# Mechanisms by which rickettsiae subvert autophagy pathway in macrophages

> **NIH NIH R21** · UNIVERSITY OF TEXAS MED BR GALVESTON · 2021 · $239,750

## Abstract

Tick-borne rickettsial diseases continue to cause severe illness and death in otherwise healthy adults and
children worldwide. The incidence rate of rickettsial diseases significantly increased in the past six years with
case fatality rate as high as 10%. Patients with rickettsial diseases respond well to doxycycline if the antibiotics
are administered early. However, doxycycline is not appropriate for patients in pregnancy or under age of 5
years old. Therefore, host-mechanisms based therapeutic interventions are urgently needed. Our long term
goal is to study the key host molecules by which obligately intracellular bacteria, rickettsiae, evolve to establish
their infection niche in mammalian host cells. These studies will provide insights into novel immune therapeutic
interventions. The objectives of this proposal are to reveal the mechanisms by which R. australis subvert
autophagy to facilitate infection in macrophages. The hypothesis to be tested in this proposal is that R.
australis modulates and exploits Atg5-dependent autophagy to facilitate infection via inhibiting the maturation
of autophagosomes and counteracting host immune controls in macrophages. We will evaluate the potential of
autophagy inhibition as a therapeutic strategy against life-threatening rickettsial infection by interrupting the
pathways involved in R. australis-induced Atg5-dependent autophagosomes. This project will study this
hypothesis utilizing two linked specific aims. Aim 1 will determine the mechanisms by which R. australis
induces and subverts Atg5-dependent autophagosomes for the benefit of their infection in macrophages. The
role of ULK1 in regulating rickettsiae-induced autophagosomes will be investigated. We will study the
involvement of MAVS/IRF7/ISG54 and GTPase Rab 25 in counteracting the antibacterial activity and
supporting infection in macrophages. Aim 2 will evaluate the potential of autophagy inhibition as a therapeutic
strategy against life-threatening rickettsial infection. We will employ the in vivo mouse model of rickettsial
infection to investigate the potential of targeting Atg5 (+) autophagosomes as immune-therapeutic
interventions by using specific inhibitors or stimulators of key molecules regulating autophagosomes.
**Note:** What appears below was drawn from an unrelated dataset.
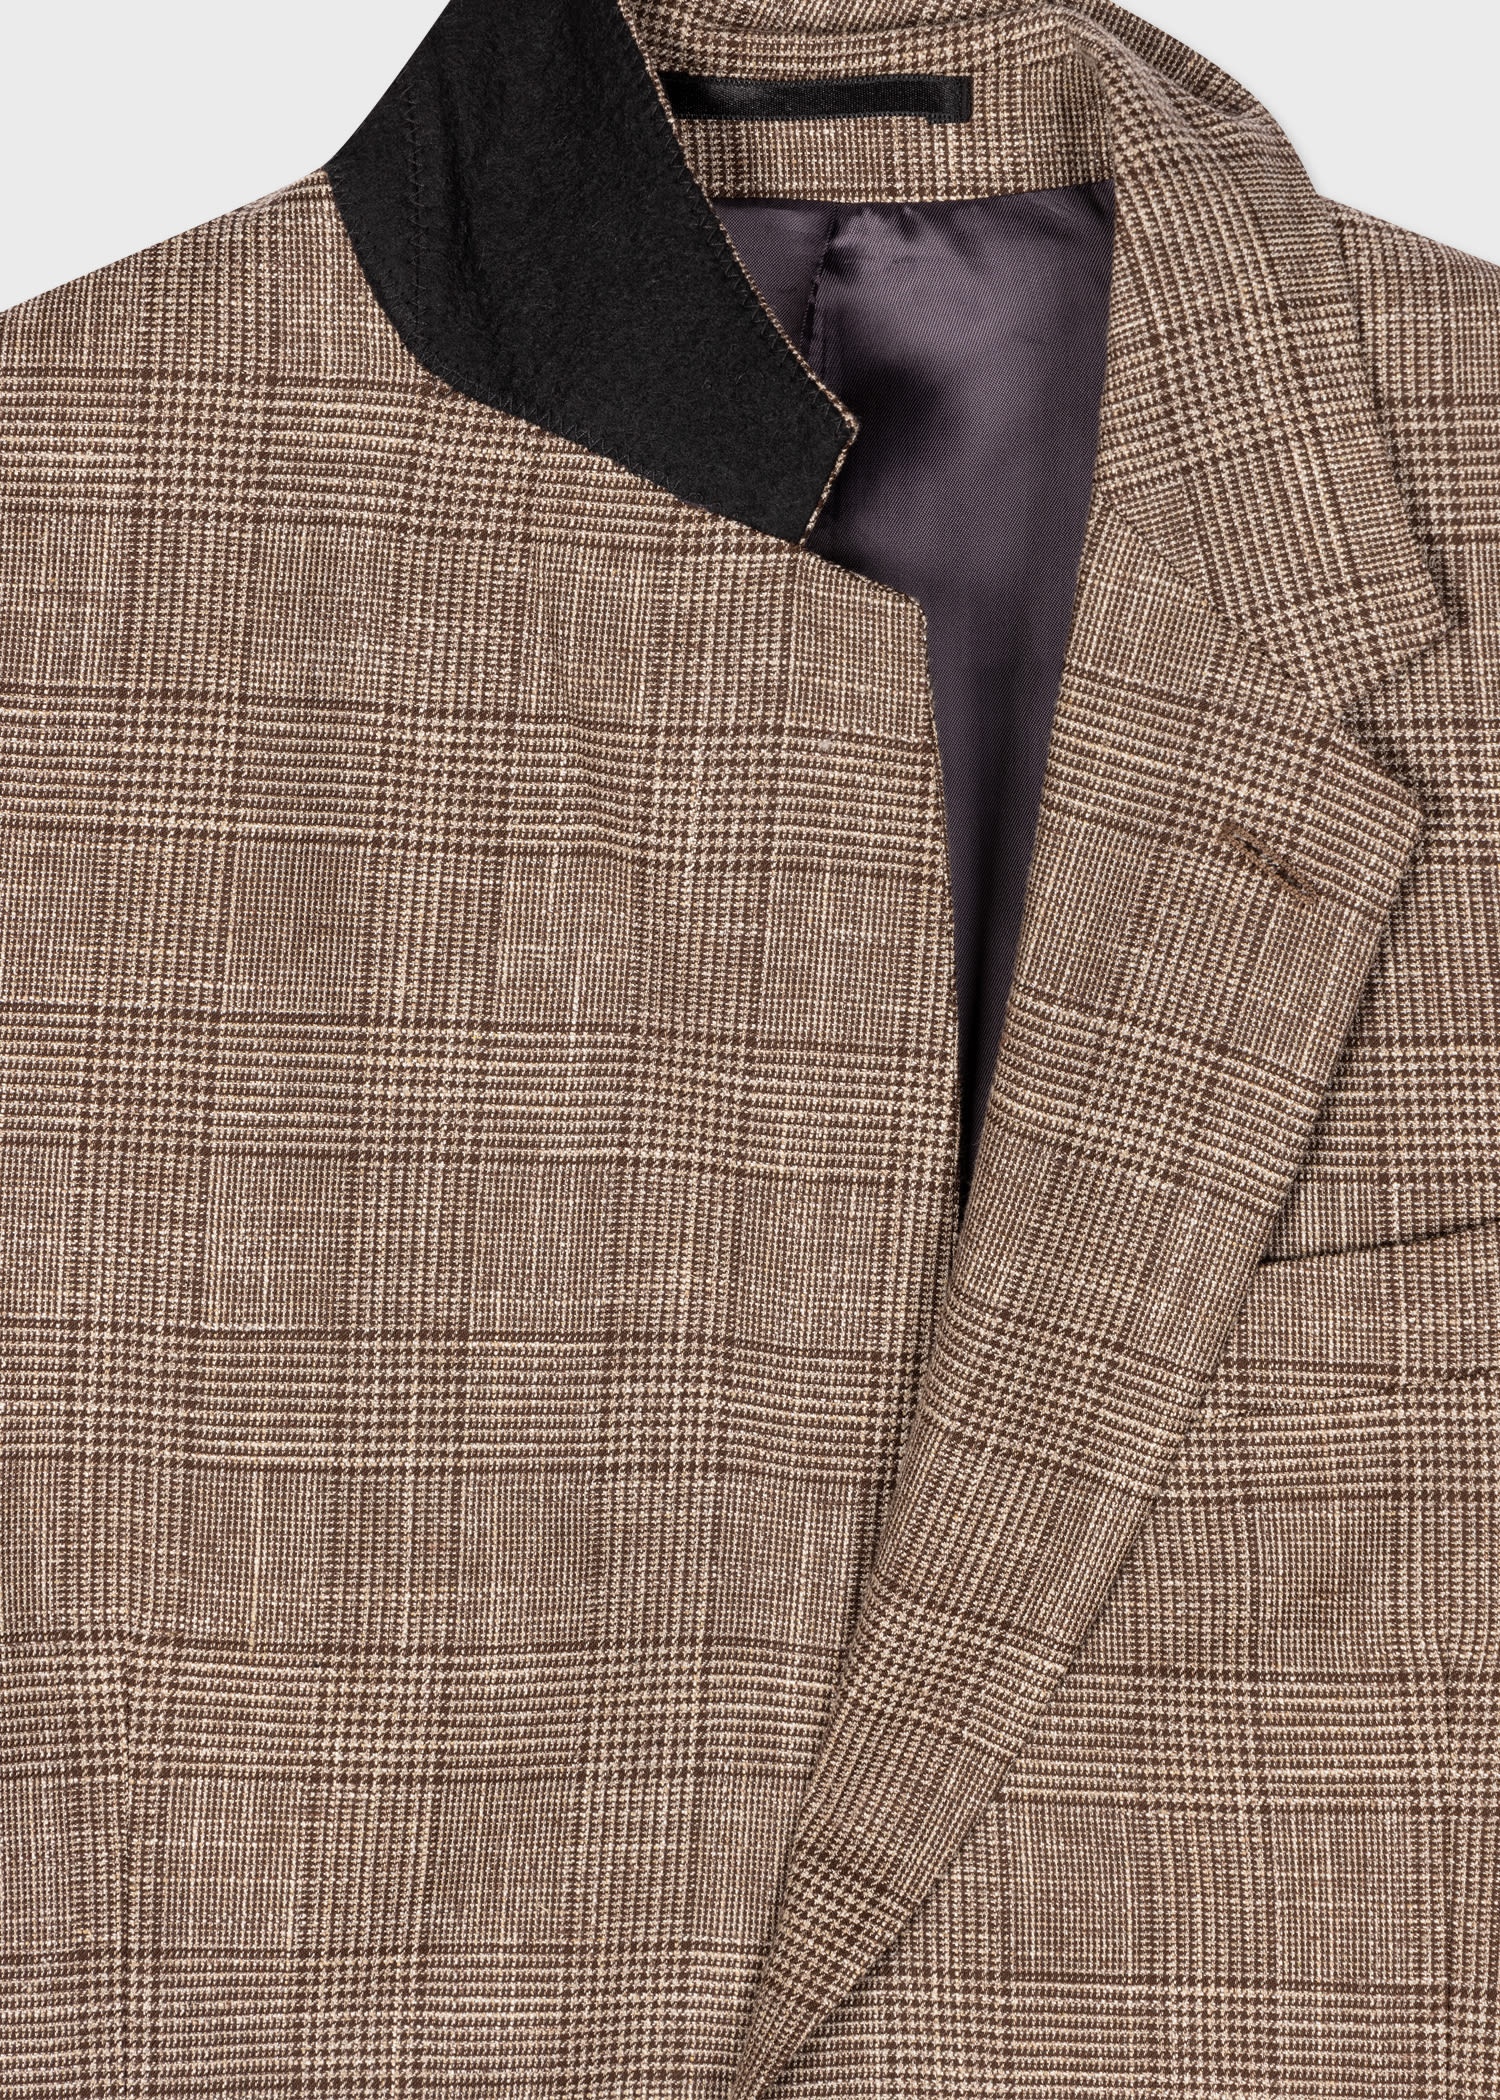 Houndstooth Check Wool-Linen Suit - 5

It is
believed that completion of the specific aims of this proposal may provide novel insights into immuno-
therapeutic strategies for treating fatal rickettsioses.

## Key facts

- **NIH application ID:** 10129150
- **Project number:** 1R21AI151904-01A1
- **Recipient organization:** UNIVERSITY OF TEXAS MED BR GALVESTON
- **Principal Investigator:** Rong Megan Fang
- **Activity code:** R21 (R01, R21, SBIR, etc.)
- **Funding institute:** NIH
- **Fiscal year:** 2021
- **Award amount:** $239,750
- **Award type:** 1
- **Project period:** 2021-08-04 → 2023-07-31

## Primary source

NIH RePORTER: https://reporter.nih.gov/project-details/10129150

## Citation

> US National Institutes of Health, RePORTER application 10129150, Mechanisms by which rickettsiae subvert autophagy pathway in macrophages (1R21AI151904-01A1). Retrieved via AI Analytics 2026-05-24 from https://api.ai-analytics.org/grant/nih/10129150. Licensed CC0.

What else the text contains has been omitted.